One forecast shows slightly stronger growth for U.S. advertising for 2017.
Pivotal Research Group now says U.S. advertising will grow at a 2.5% rate -- up from its earlier 2.0% estimate -- in part
because of stronger end-of-the-year 2016 results.
All of 2016 -- including political and Olympic activity -- witnessed an overall improvement of 6.7% to $203.7 billion, writes Brian Wieser,
senior research analyst at Pivotal. Looking at core U.S. advertising, but taking out political/Olympics revenue, there was a 3.6% increase in fourth-quarter 2016 and a 5.0% improvement in 2016
overall.
Wieser believes that digital advertising growth decelerated in the fourth quarter, but was still up significantly. Google’s domestic advertising rose 20%, while Facebook grew
46%.
Total TV gained 6.5% in 2016, including political and Olympic revenue, to $69 billion.
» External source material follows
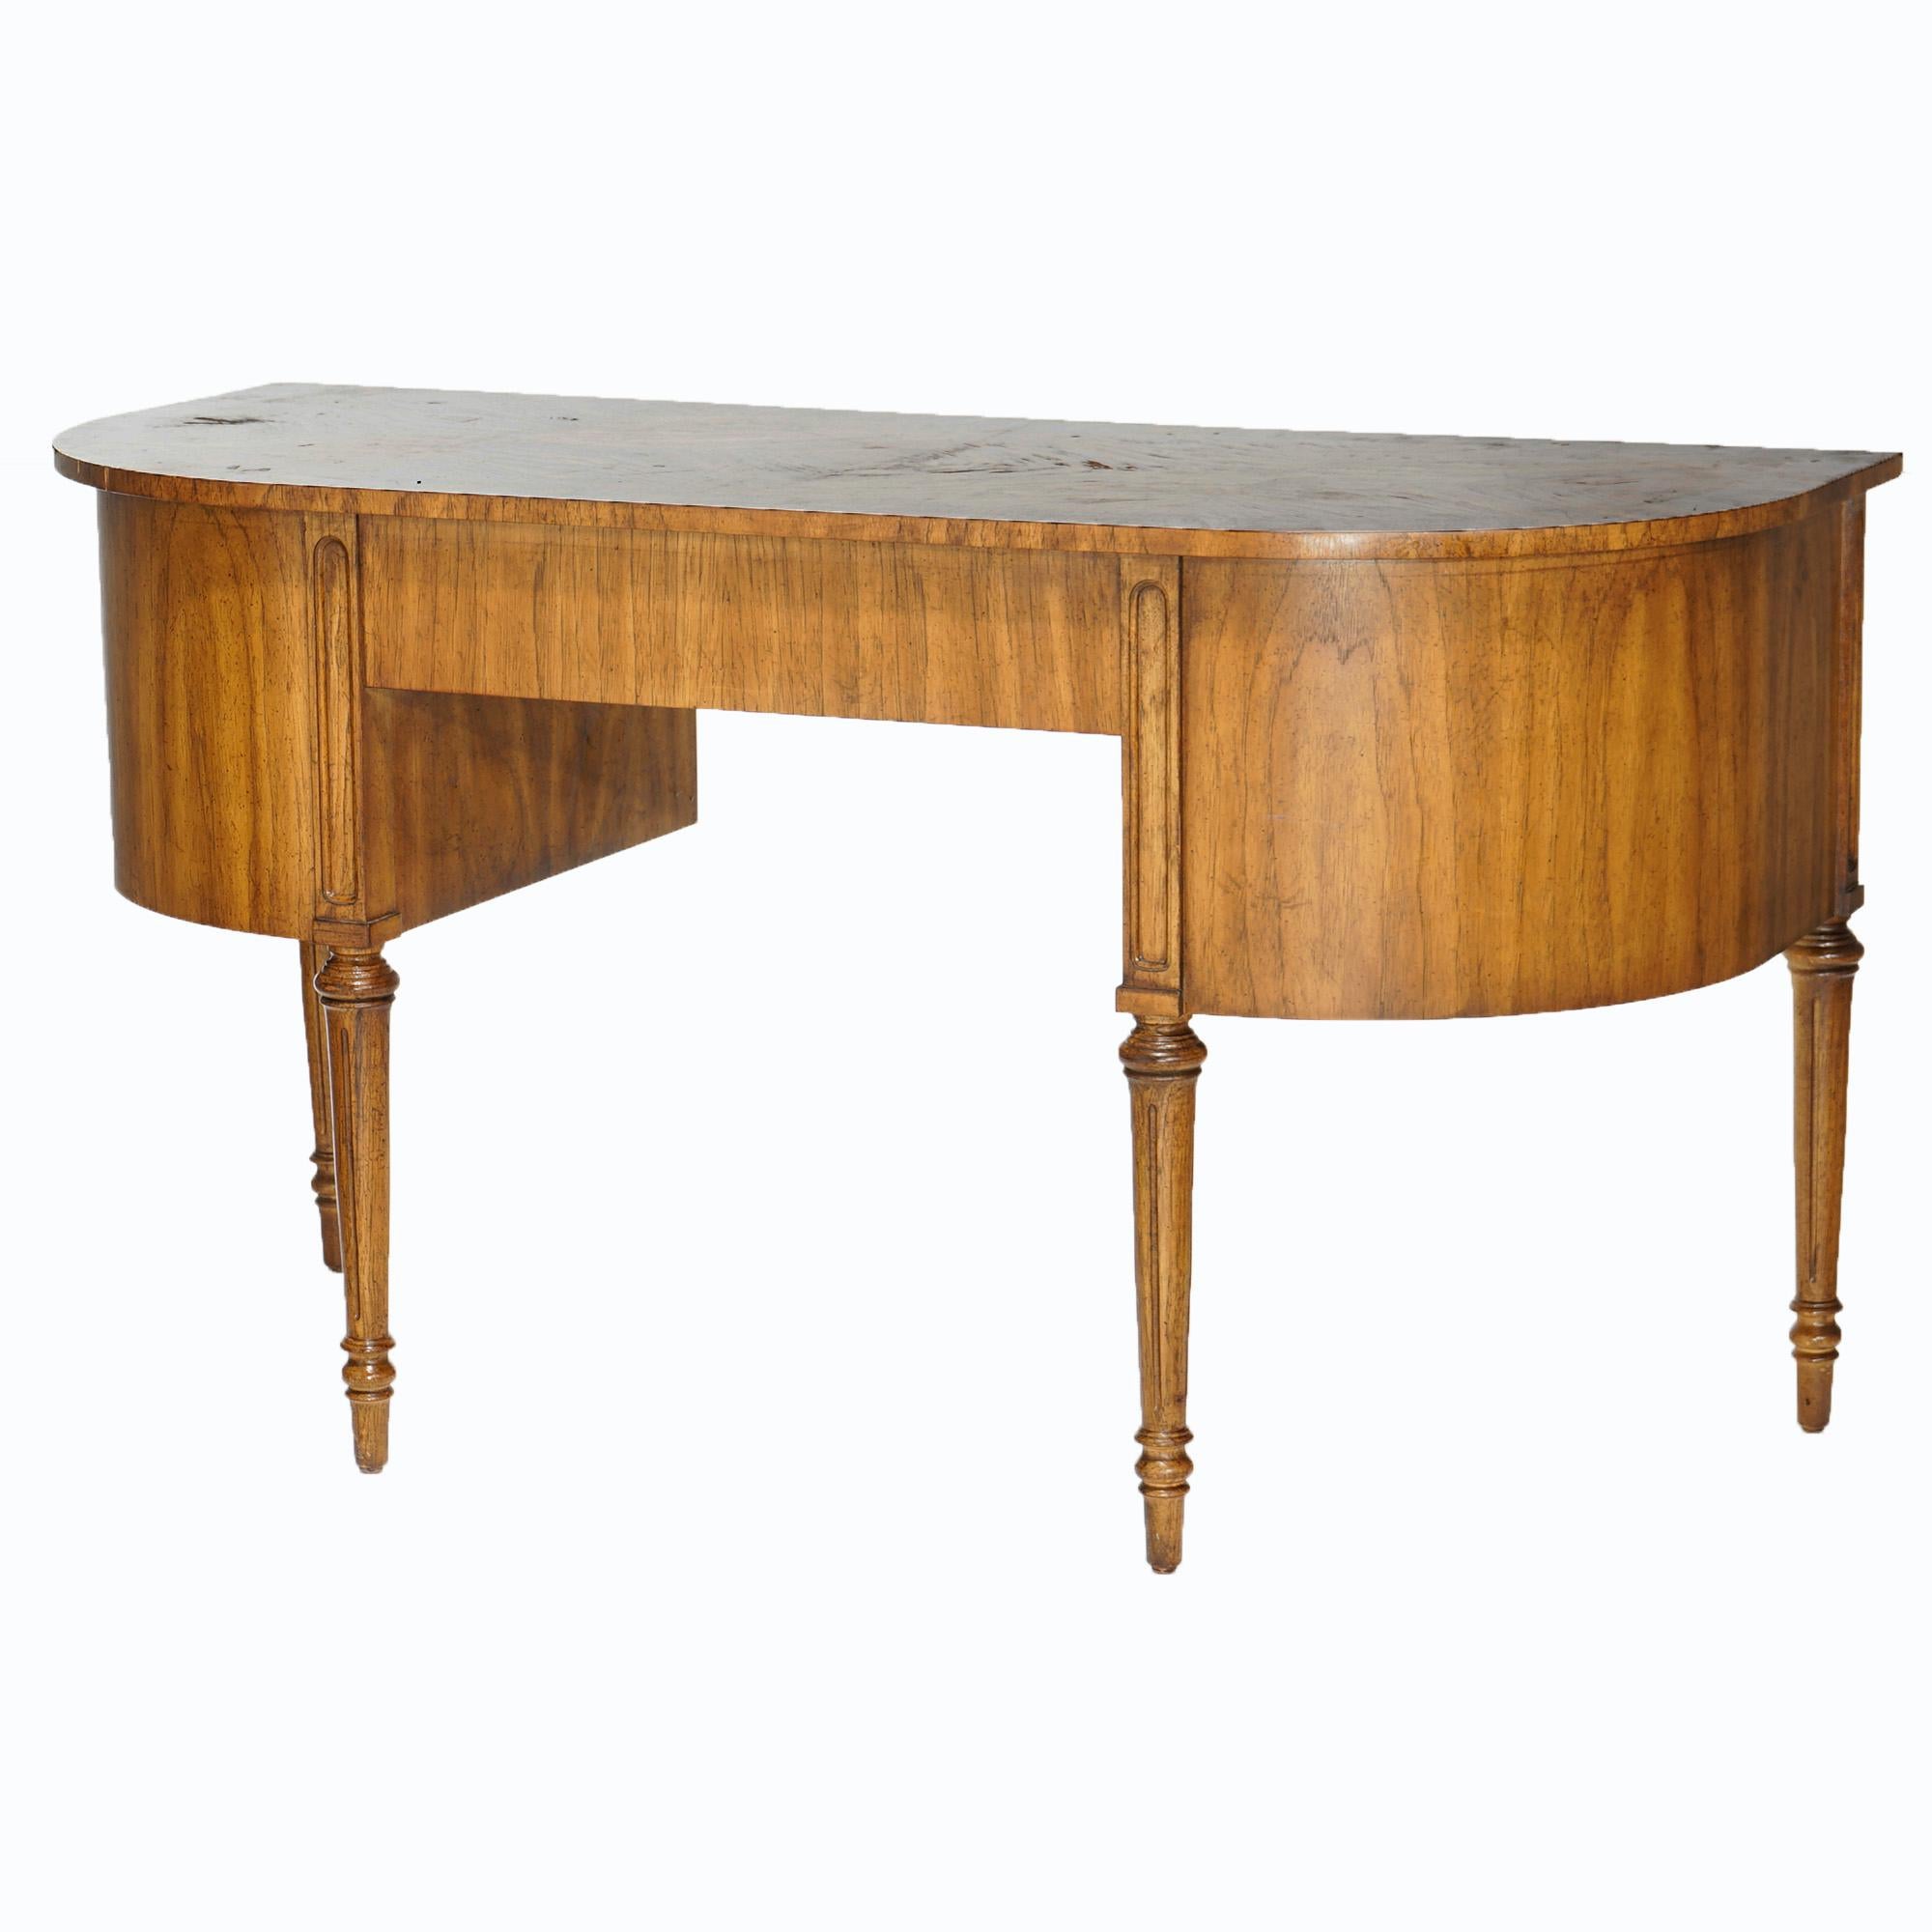 20th Century Antique French Louis XVI Style Rosewood & Kingwood Demilune Writing Desk, c1920

National TV advertising was up 1.8% in the fourth quarter and 4.5% for all of 2016,
when including Olympics/political. Without Olympics/political advertising, TV gained 2.6%. Local TV soared 10.8% -- largely because of political advertising. But without political, local TV slipped
0.8%.
Wieser says other media -- non-digital, non-TV -- “fared much worse during the quarter and year.”
Radio and outdoor was flat; print was down by a double-digit
percentage. Direct mail fell off by 5% in the year’s final quarter.